[[ Collected data open ]]
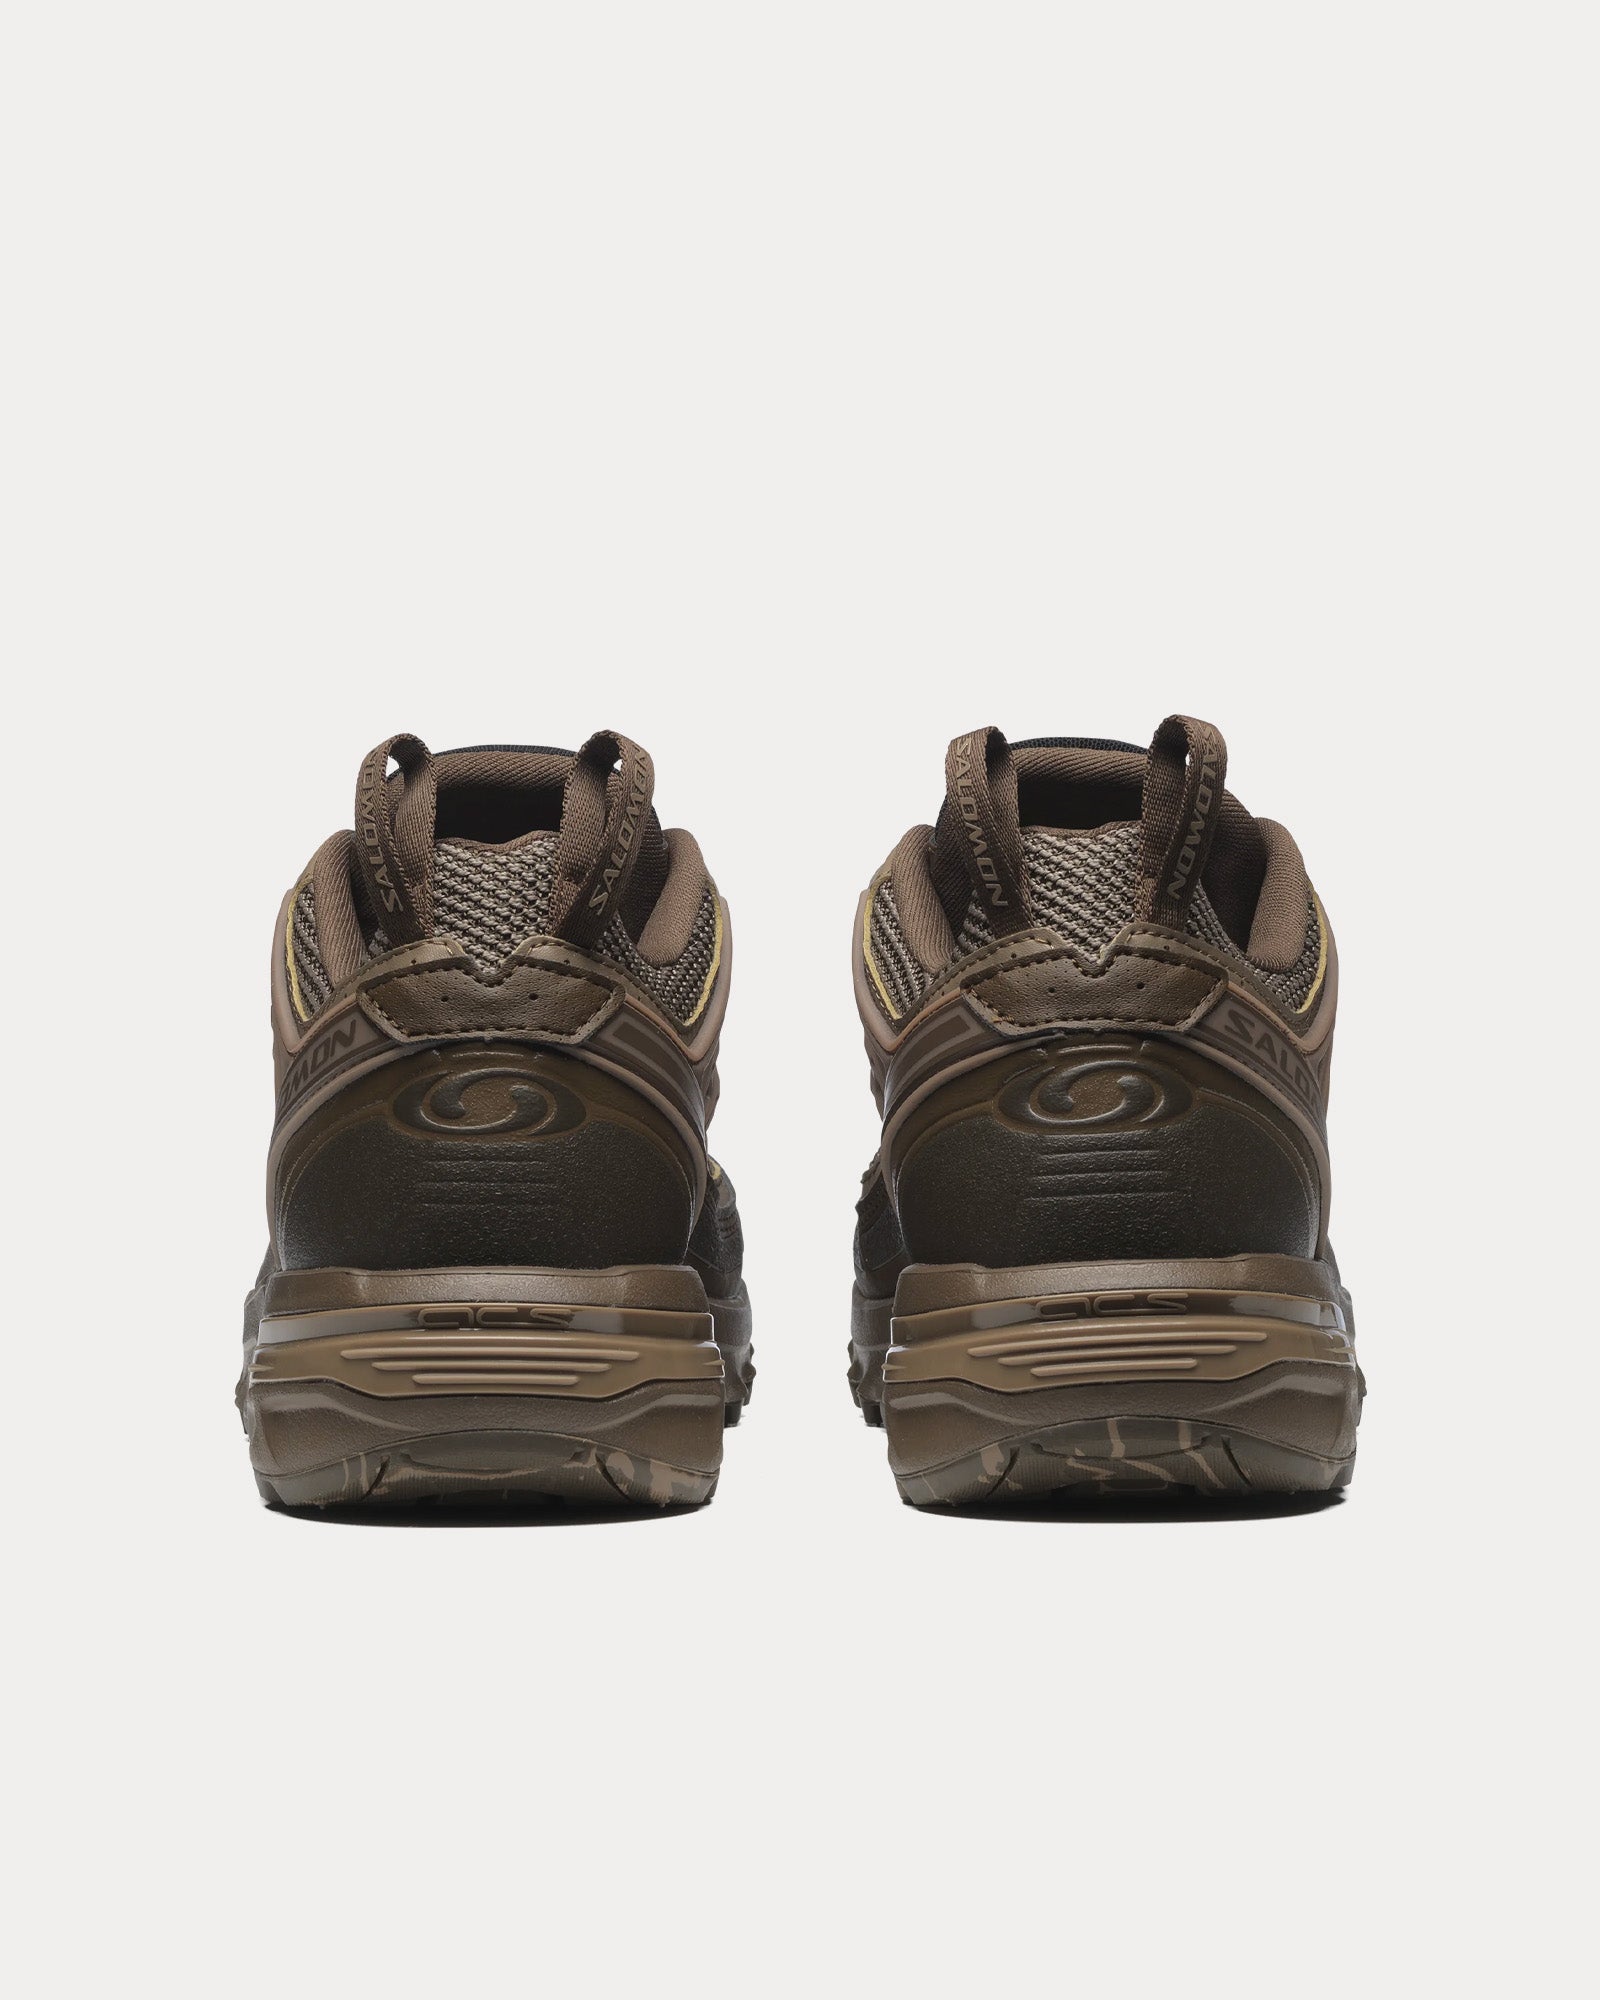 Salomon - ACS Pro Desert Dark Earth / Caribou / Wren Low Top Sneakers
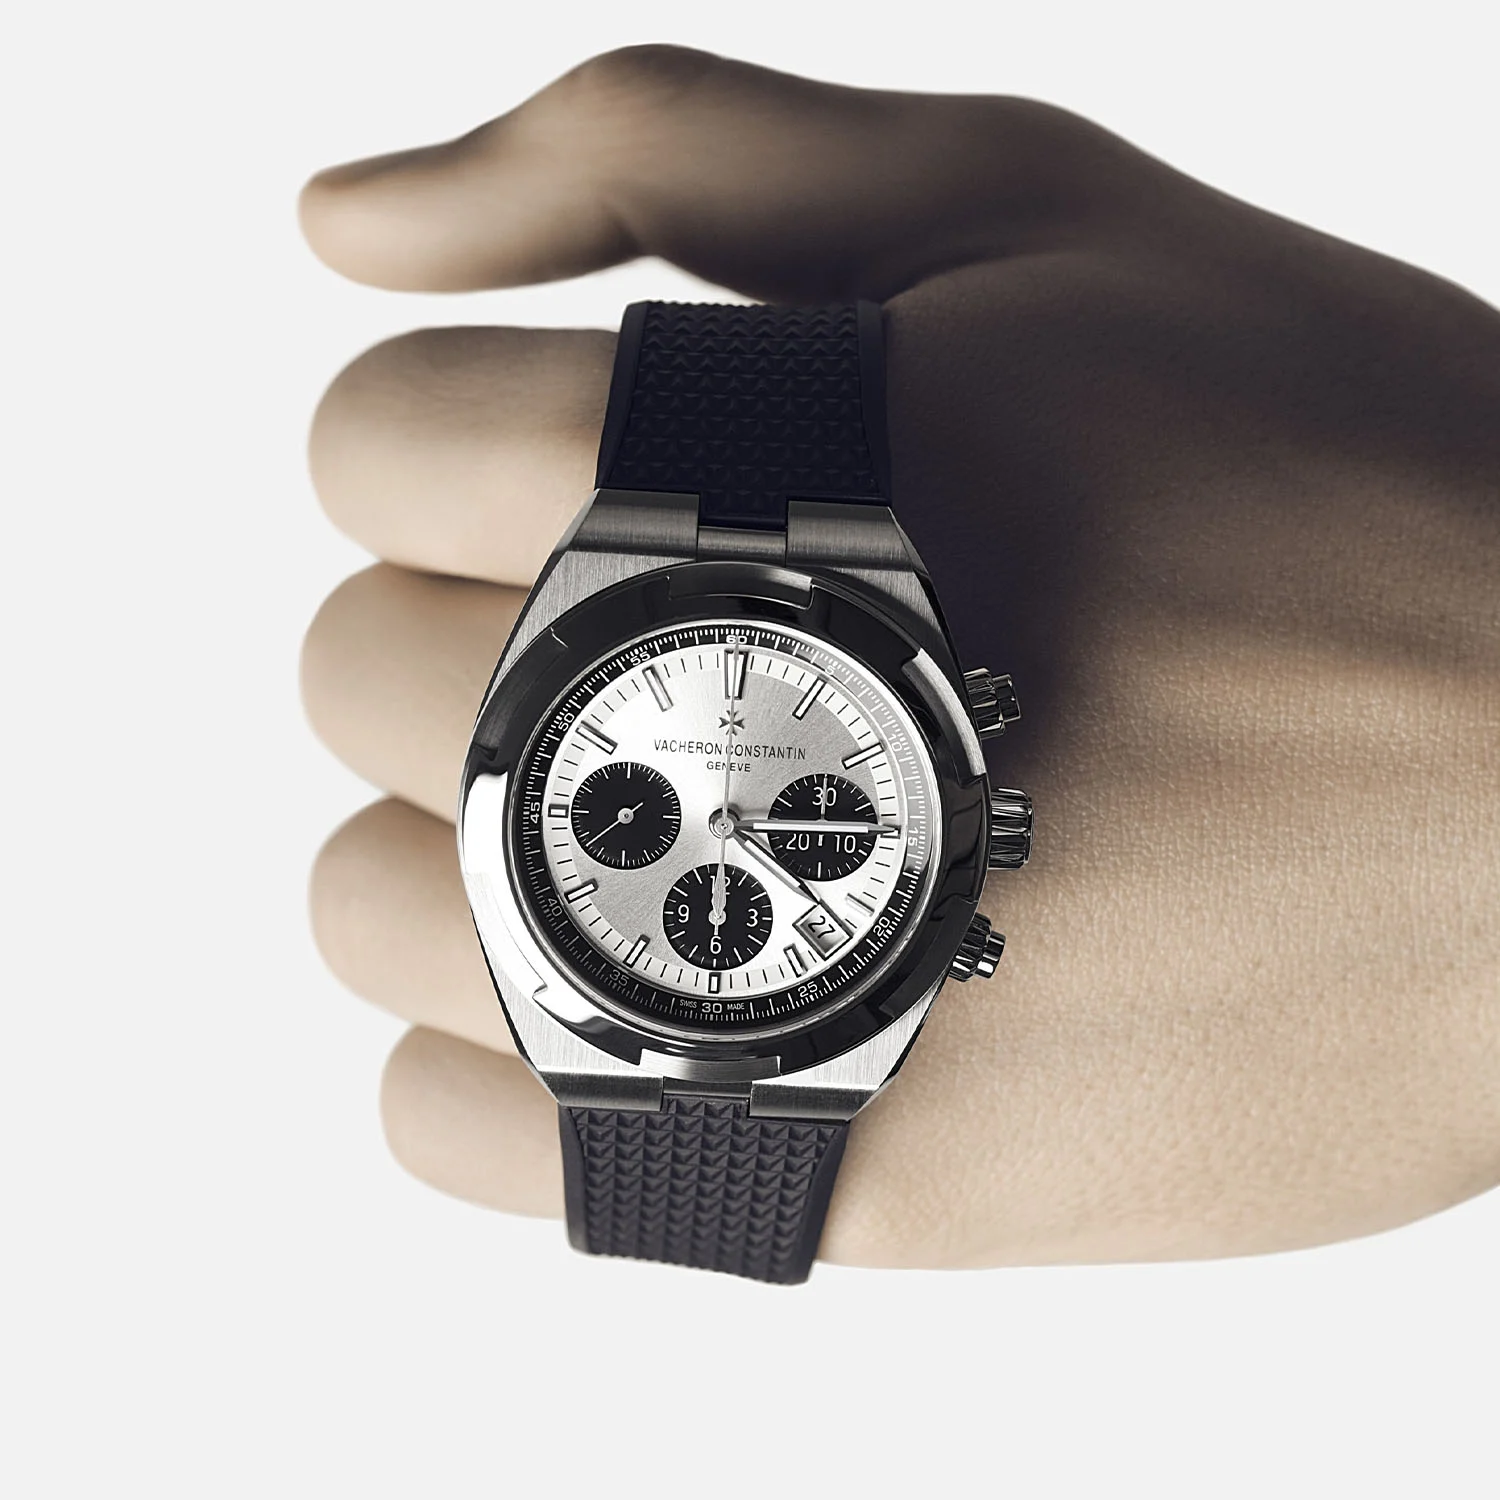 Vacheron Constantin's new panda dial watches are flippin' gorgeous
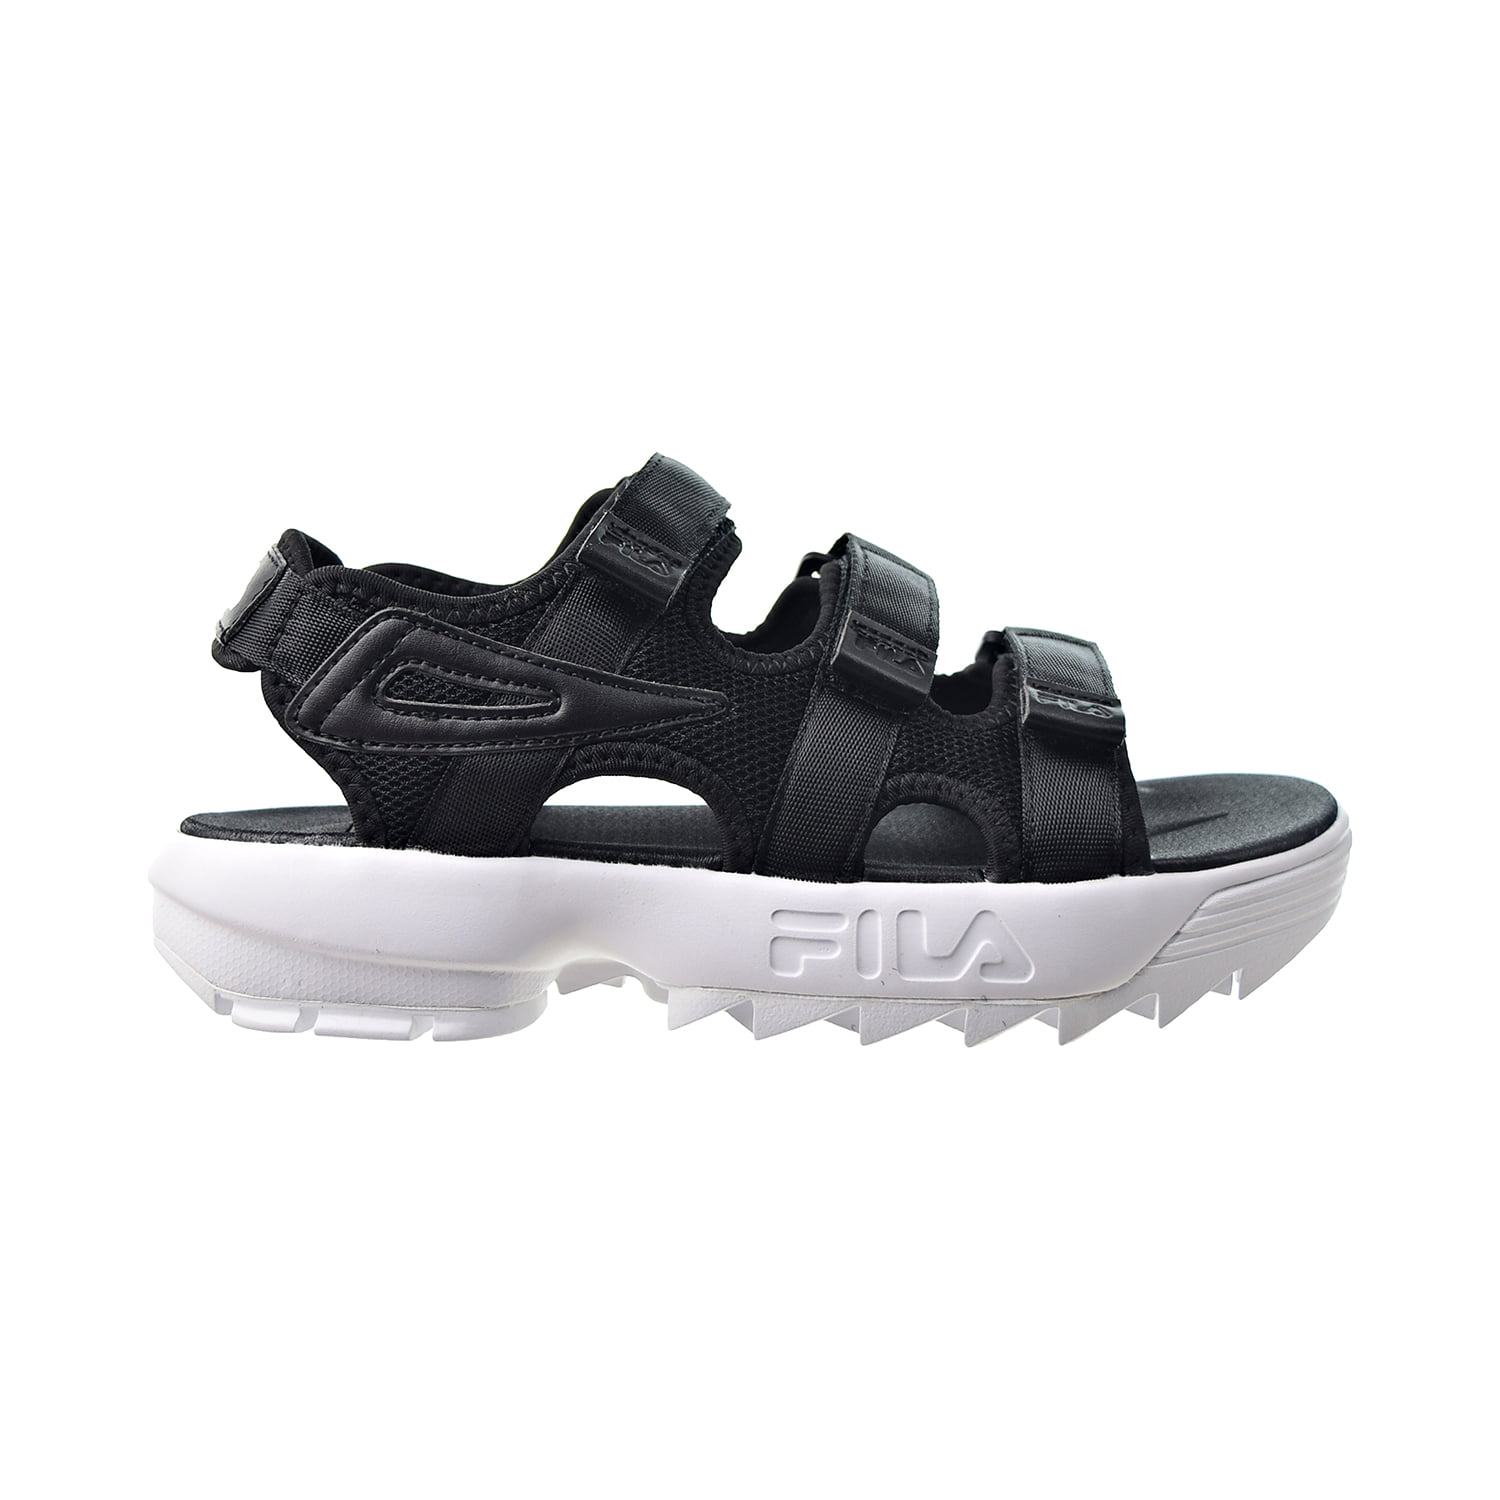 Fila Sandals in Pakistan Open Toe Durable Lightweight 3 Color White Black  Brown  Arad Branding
[[ Collected data closed ]]
Description of the task - What you return must match the material above exactly, minus its pictures.

Result for this exercise -
 Salomon - ACS Pro Desert Dark Earth / Caribou / Wren Low Top Sneakers
 Vacheron Constantin's new panda dial watches are flippin' gorgeous
 Fila Sandals in Pakistan Open Toe Durable Lightweight 3 Color White Black  Brown  Arad Branding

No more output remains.